18

I have an athena table which I did not create or manage, but can query. one of the fields is a struct type. for the sake of the example let's suppose it looks like this:

my_field struct<a:string,
                b:string,
                c:struct<d:string,e:string>
                >

Now, I know how to query specific fields within this struct. But in one of my queries I need to extract the complete struct. so I just use:

select my_field from my_table

and the result looks like a string:

{a=aaa, b=bbb, c={d=ddd, e=eee}}

I want to get the result as a json string:

{"a":"aaa", "b":"bbb","c":{"d":"ddd", "e":"eee"}}

this string will then be processed by another application, this is why i need it in json format.

How can I achieve this?

EDIT: Better still, is there a way to query the struct in a way that flattens it? so the result would look like:

a   |   b   |   c.d  |  c.e   |
-------------------------------
aaa |   bbb |   ddd  |  eee   |
amit
  • 3,332
  • 6
  • 24
  • 32

3 Answers3

5

You can directly reference nested fields with a parent_field.child_field notation. Try:

SELECT
  my_field,
  my_field.a,
  my_field.b,
  my_field.c.d,
  my_field.c.e
FROM 
  my_table
James
  • 11,721
  • 2
  • 35
  • 41
  • 6
    I said I know that :-) the problem is making such a query for a very big struct, and especially in cases when you don't know in advance its structure, you just know you want to make it flat. – amit Mar 11 '18 at 05:53
  • 1
    Hello @amit, did you had luck making it flat without knowing its structure? – nariver1 May 08 '20 at 20:37
0

We can convert the structs from athena output to objects by Post processing. Below script may help

Assuming sample string received for the nested object

   {description=Check the Primary key count of TXN_EVENT table in Oracle, datastore_order=1, zone=yellow, aggregation_type=count, updatedcount=0, updatedat=[2021-06-09T02:03:20.243Z]}

It can be parsed using the help of this npm package athena-struct-parser package.
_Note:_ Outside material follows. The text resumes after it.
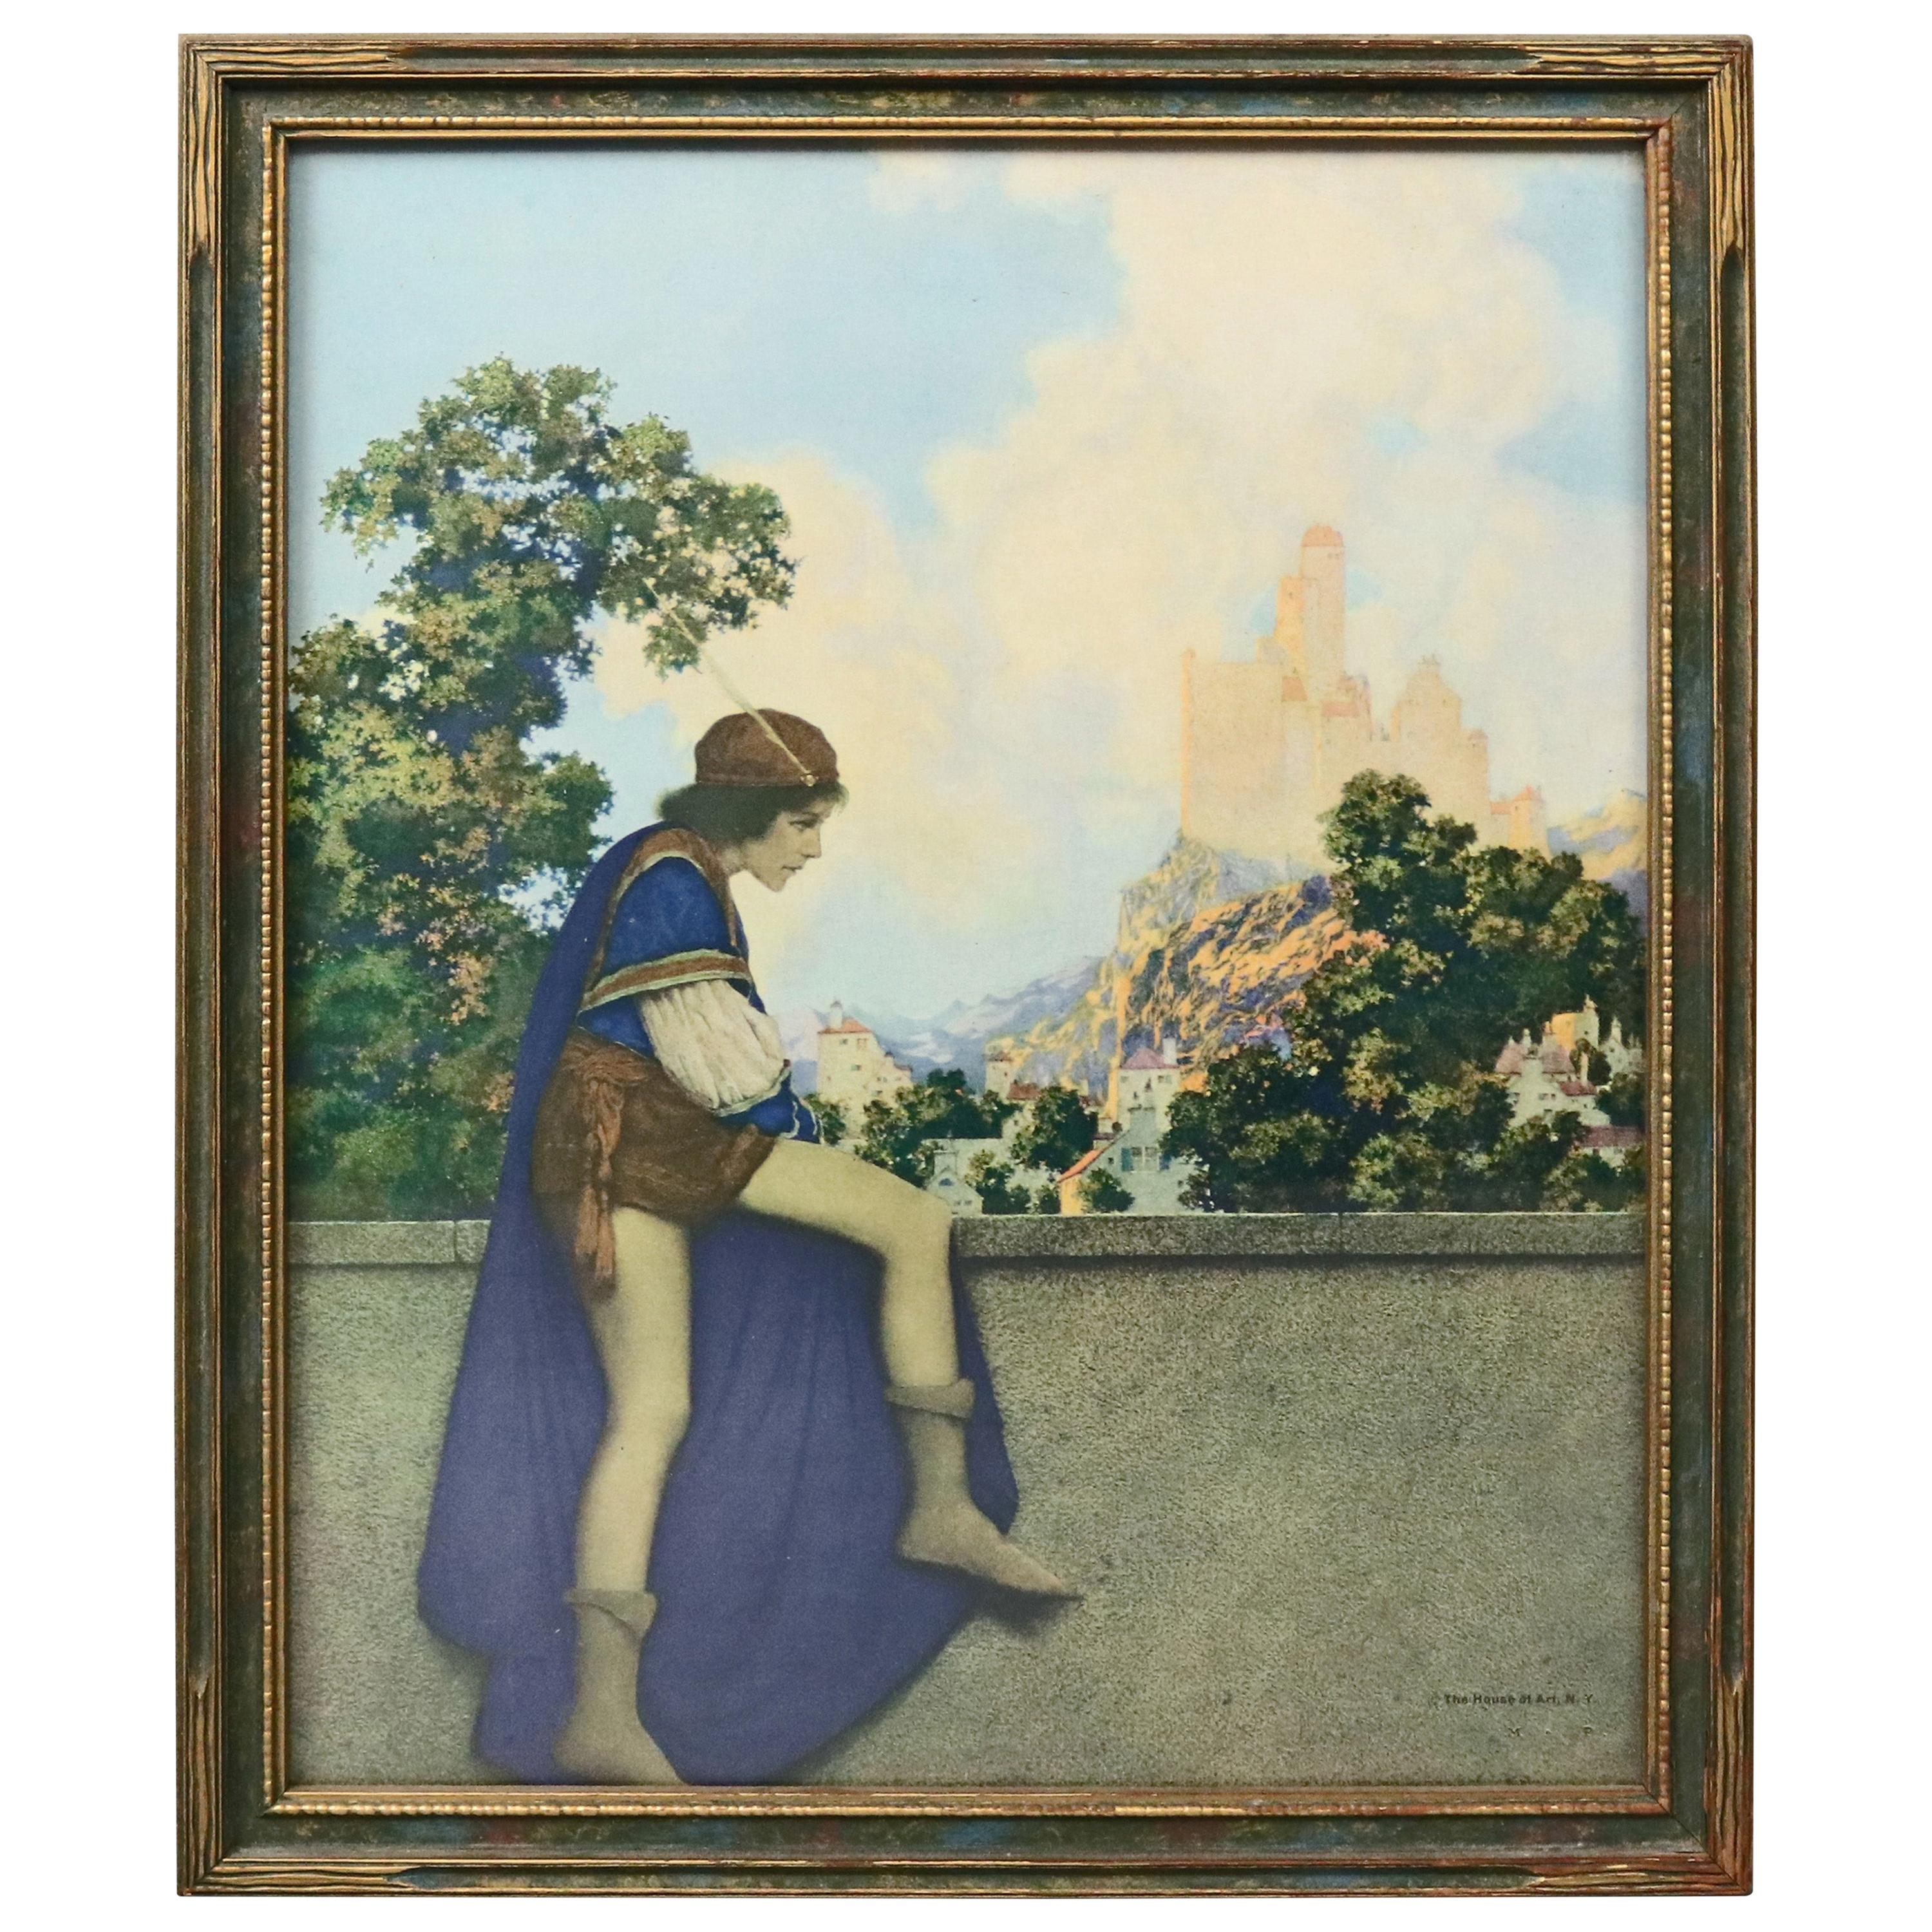 Art Deco Antique Print 'The Prince' after Original by Maxfield Parrish, Framed

  1. Nodejs -- https://www.npmjs.com/package/athena-struct-parser
  2. Python -- AWS Athena export array of structs to JSON

Sample Code

var parseStruct =require('athena-struct-parser') ;
var str = '{description=Check the Primary key count of TXN_EVENT table in Oracle, datastore_order=1, zone=yellow, aggregation_type=count, updatedcount=0, updatedat=[2021-06-09T02:03:20.243Z]}'
var parseObj = parseStruct(str)
console.log(parseObj);

Result Parsed Output

{
  description: 'Check the Primary key count of TXN_EVENT table in Oracle',
  datastore_order: '1',
  zone: 'yellow',
  aggregation_type: 'count',
  updatedcount: '0',
  updatedat: [ '2021-06-09T02:03:20.004Z' ]
}
Ranjithkumar MV
  • 804
  • 8
  • 10
0

Gave a response to a similar question: AWS Athena export array of structs to JSON

I used a simple approach to get around the struct -> json Athena limitation. I created a second table where the json columns were saved as raw strings. Using presto json and array functions I was able to query the data and return the valid json string to my program:

--Array transform functions too
select 
  json_extract_scalar(dd, '$.timestamp') as timestamp,
  transform(cast(json_extract(json_parse(dd), '$.stats') as ARRAY<JSON>), x -> json_extract_scalar(x, '$.time')) as arr_stats_time,
  transform(cast(json_extract(json_parse(dd), '$.stats') as ARRAY<JSON>), x -> json_extract_scalar(x, '$.mean')) as arr_stats_mean,
  transform(cast(json_extract(json_parse(dd), '$.stats') as ARRAY<JSON>), x -> json_extract_scalar(x, '$.var')) as arr_stats_var
from 
(select '{"timestamp":1520640777.666096,"stats":[{"time":15,"mean":45.23,"var":0.31},{"time":19,"mean":17.315,"var":2.612}],"dets":[{"coords":[2.4,1.7,0.3], "header":{"frame":1,"seq":1,"name":"hello"}}],"pos": {"x":5,"y":1.4,"theta":0.04}}' as dd);

I know the query will take longer to execute but there are ways to optimize.

zipate
  • 166
  • 1
  • 4